Moonshot Mechanics 2025

The Policy Questions Facing a Lunar Economy

The Earth rising is about five degrees above the lunar horizon in this black and white telephoto view photographed from the Apollo 8 spacecraft near 110 degrees east longitude. The horizon, about 570 kilometers (350 statute miles) from the spacecraft, is near the eastern limb of the Moon as viewed from Earth. On Earth, 240,000 statute miles away, the sunset terminator crosses Africa. The South Pole is in the white area near the left end of the terminator. North and South America are under clouds.
Image: NASA.

Once engineers solve the technical problems that stand in the way of a thriving lunar economy, it’s up to policymakers to set industry up for success on the Moon’s surface.

In the Moonshot Mechanics series this year, we’ve looked at the technical hurdles to a long-term lunar presence, including communications, rovers, human health, Earth return, and PNT. Today, we’re taking a more terrestrial look at the state of the lunar policy, and the open policy questions that could face industry when they arrive on the Moon’s surface. 

Whose land is it anyways: If you want to mine on Earth, you must first buy the land containing the mine. This first step, while simple on Earth, is much harder on the Moon because companies’ property rights on lunar turf are unclear. Some legal experts say you can’t just claim the area where you set up shop. 

“To operate at scale, you really have to think about how that’s going to work when you don’t have property rights on the Moon,” Clayton Swope, a senior fellow at CSIS, told Payload. “From a policy standpoint, that is a big question mark to me.”

Keep out: In a similar vein, there’s also no clear standard for safety zones on the Moon—despite all Artemis Accords signatories agreeing to them in principle. While nations who have signed on to the accords agree to protect certain lunar operations by keeping away, there are no details about what operations are covered, and how the duration and distance required differs among different missions. 

That’s why Thomas González Roberts is studying this problem in his lab at the Georgia Institute of Technology.

“We’re modeling mining behavior, so rovers that start in one place and move to different high-value [latitudes and longitudes] to search for popular resources,” said González Roberts, an assistant professor in both the Sam Nunn School of International Affairs and the Daniel Guggenheim School of Aerospace Engineering. “I study how international organizations balance efficiency and equitability, which comes from this idea that states are willing to give up some efficiency…in the name of equitability.”

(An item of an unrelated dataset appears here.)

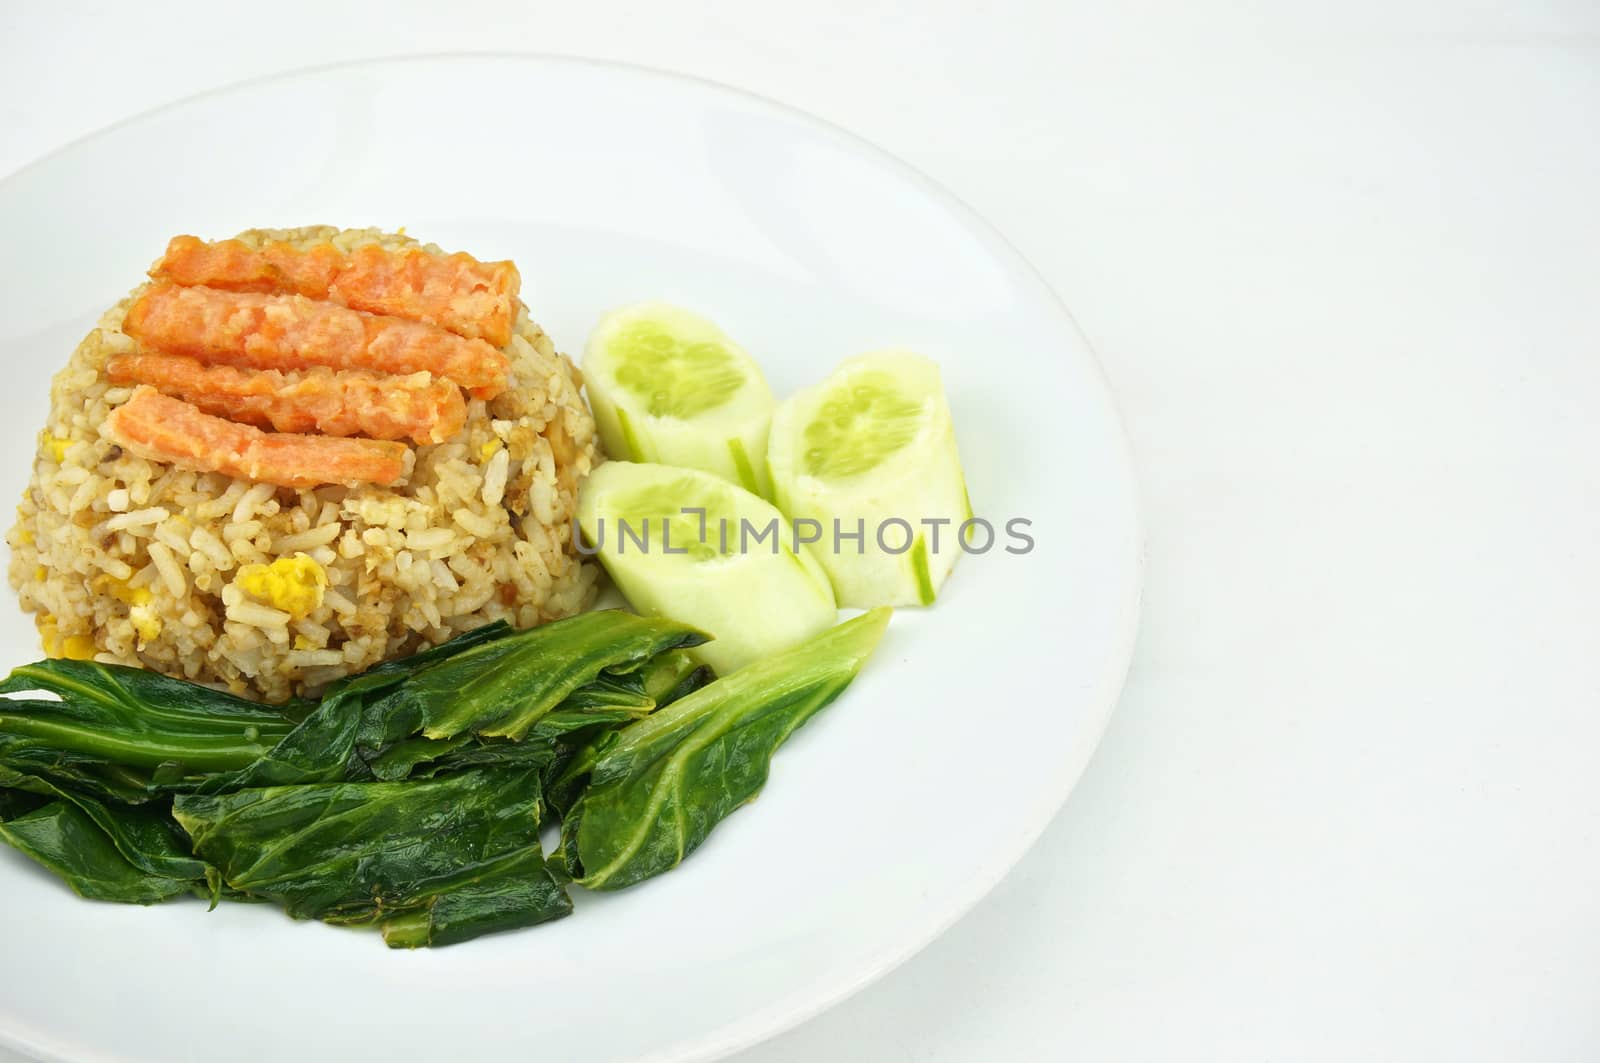 Shrimp fried rice vegetarian with kale, carrots and cucumber on a plate with white background.
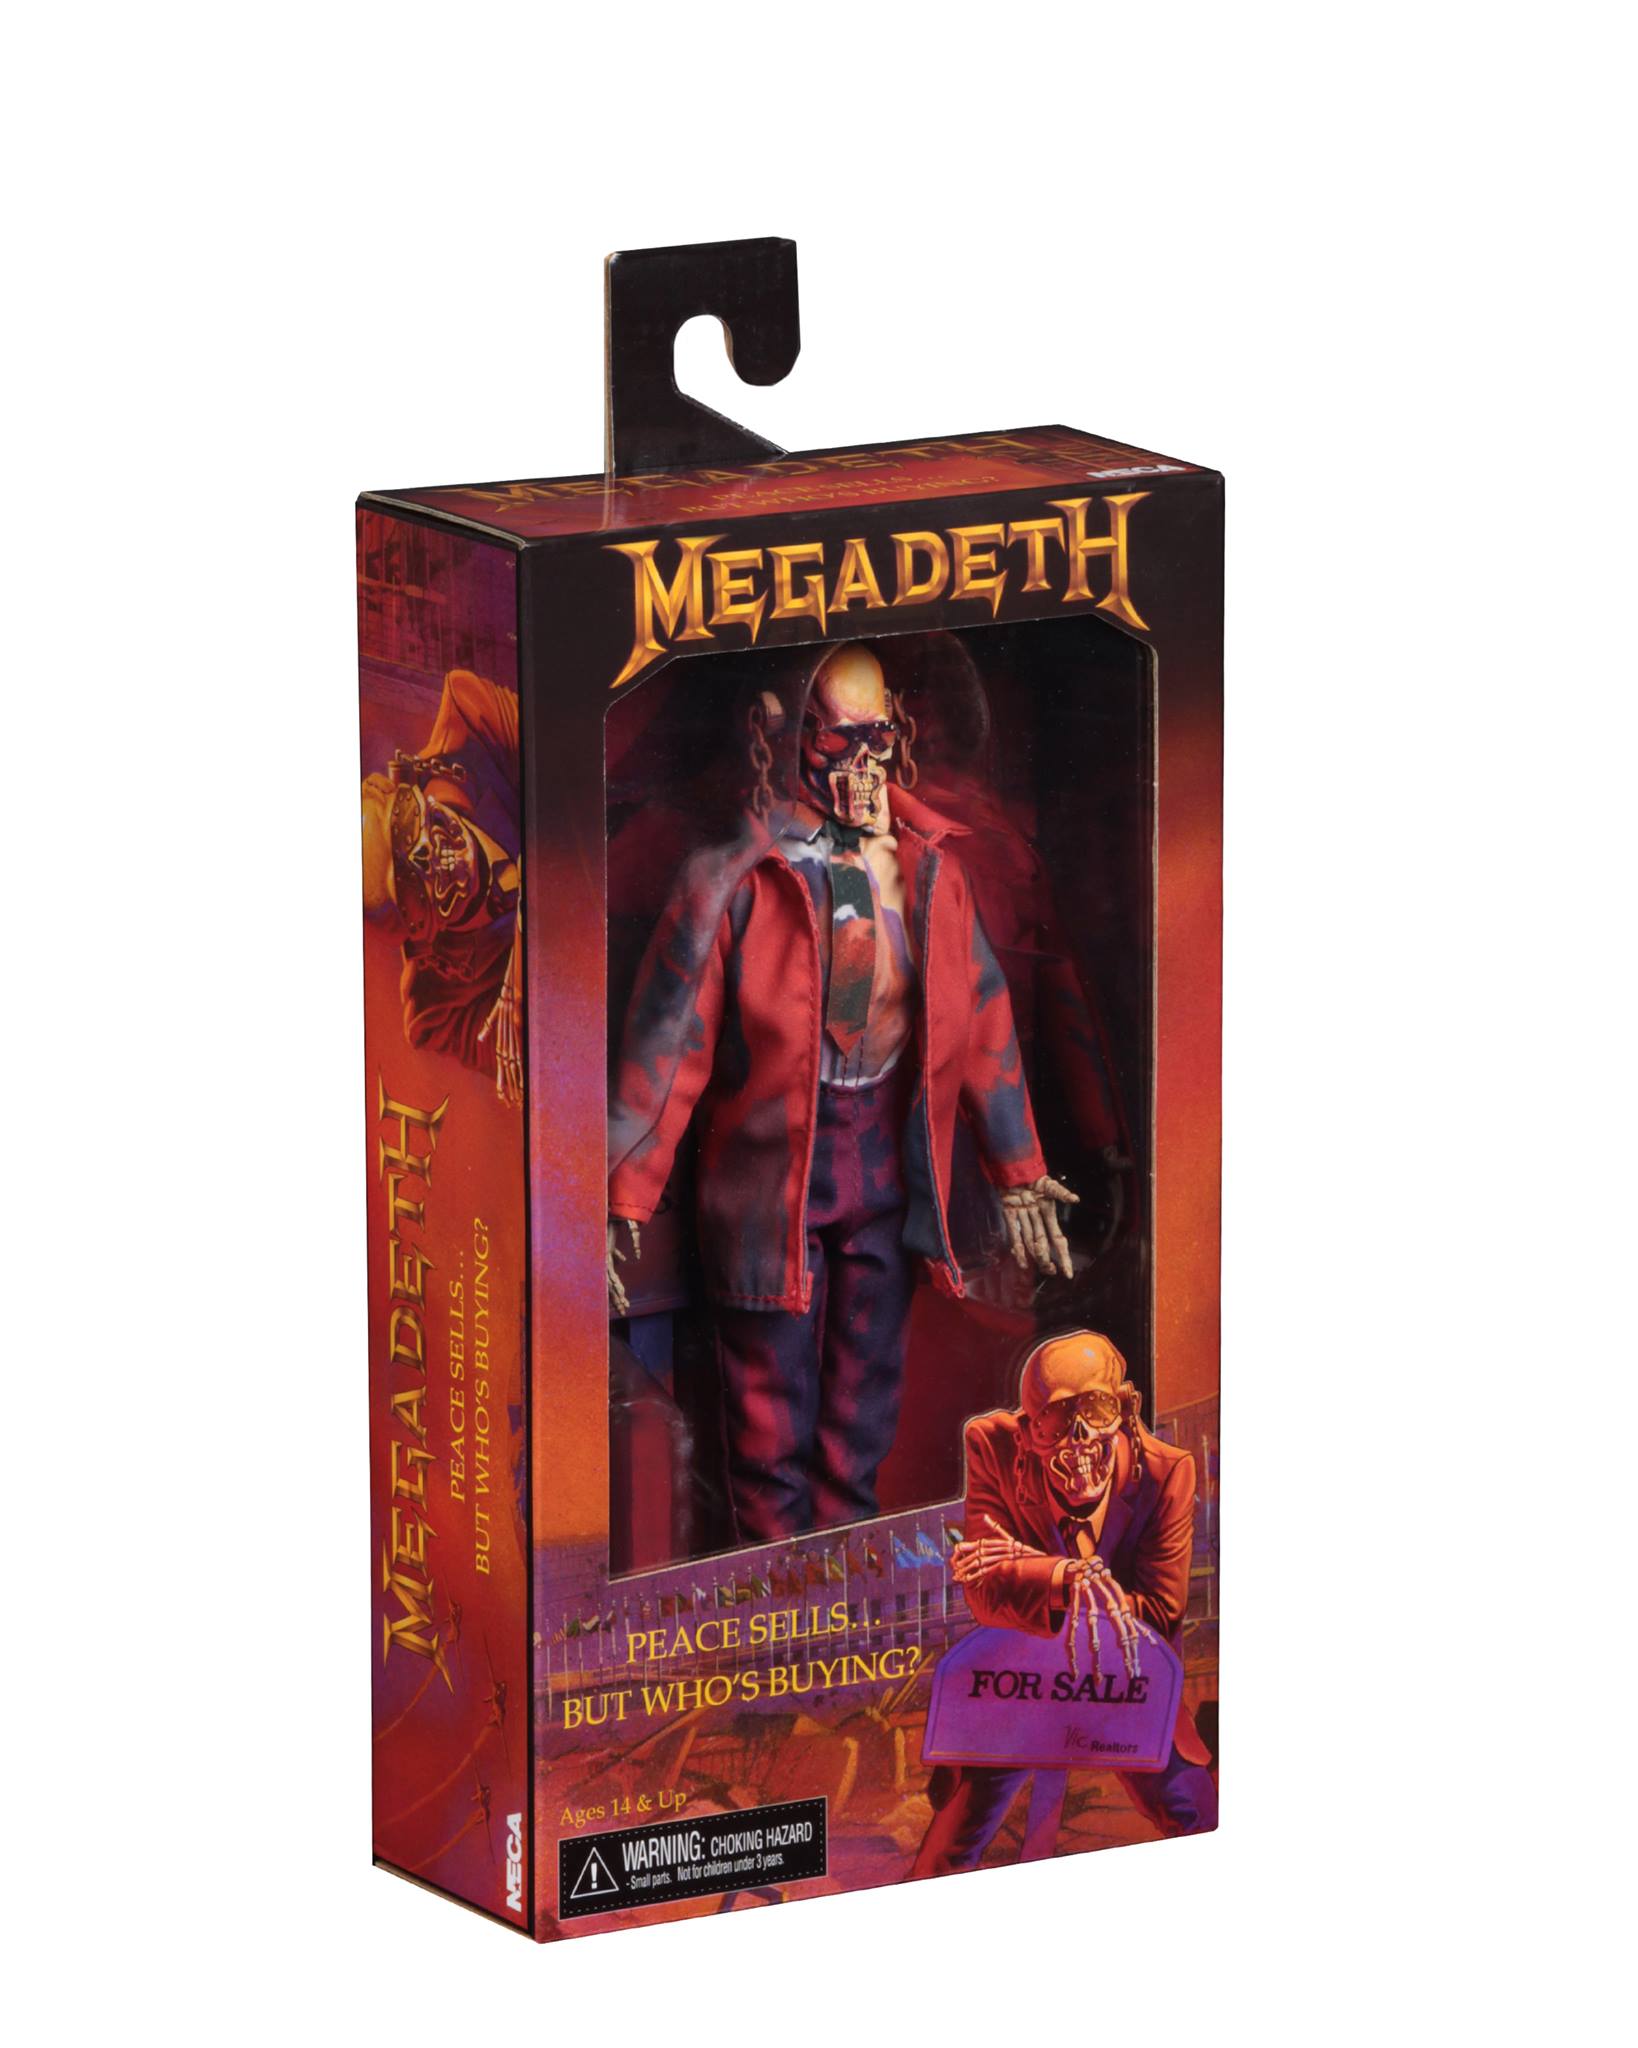 NECA's Megadeth “Peace Sells… But Who's Buying?” Vic Rattlehead

While the Artemis Accords seem like a good place to work out the details, since all the signatories have already agreed on the basics, González Roberts said that would leave out a key mover on the Moon: China. Instead, González Roberts hopes the conversion can begin at the United Nations Committee on the Peaceful Uses of Outer Space (COPUOS) —specifically, the body’s scientific and technical subcommittee.

“All space treaties came from the legal subcommittee,” he said. “But I want to take a different approach and see if I can get on the same page with Russia and China on the science and tech side, regarding how much space do you need to do things that all actors want to do on the surface of the Moon.”

Buy in: Others, however, said that the policy piece is the easiest piece to solve in the puzzle that is a long-term lunar economy. Casey Dreier, the chief of space policy at the Planetary Society, said the Artemis program surviving the proposed 2026 budget cuts to NASA—and the attempted pivot to Mars—shows that the program has staying power. 

“Once you hit a tipping point in human space programs, they last decades,” he said, pointing to the space-shuttle and ISS programs. “We’re hitting the point in Artemis where the investment is so great, the momentum will carry it through any level of disruption absent something catastrophic.”

“The lunar presence…might be less expansive than we all had hoped, but it will be something, and that’s not to be dismissed,” he continued.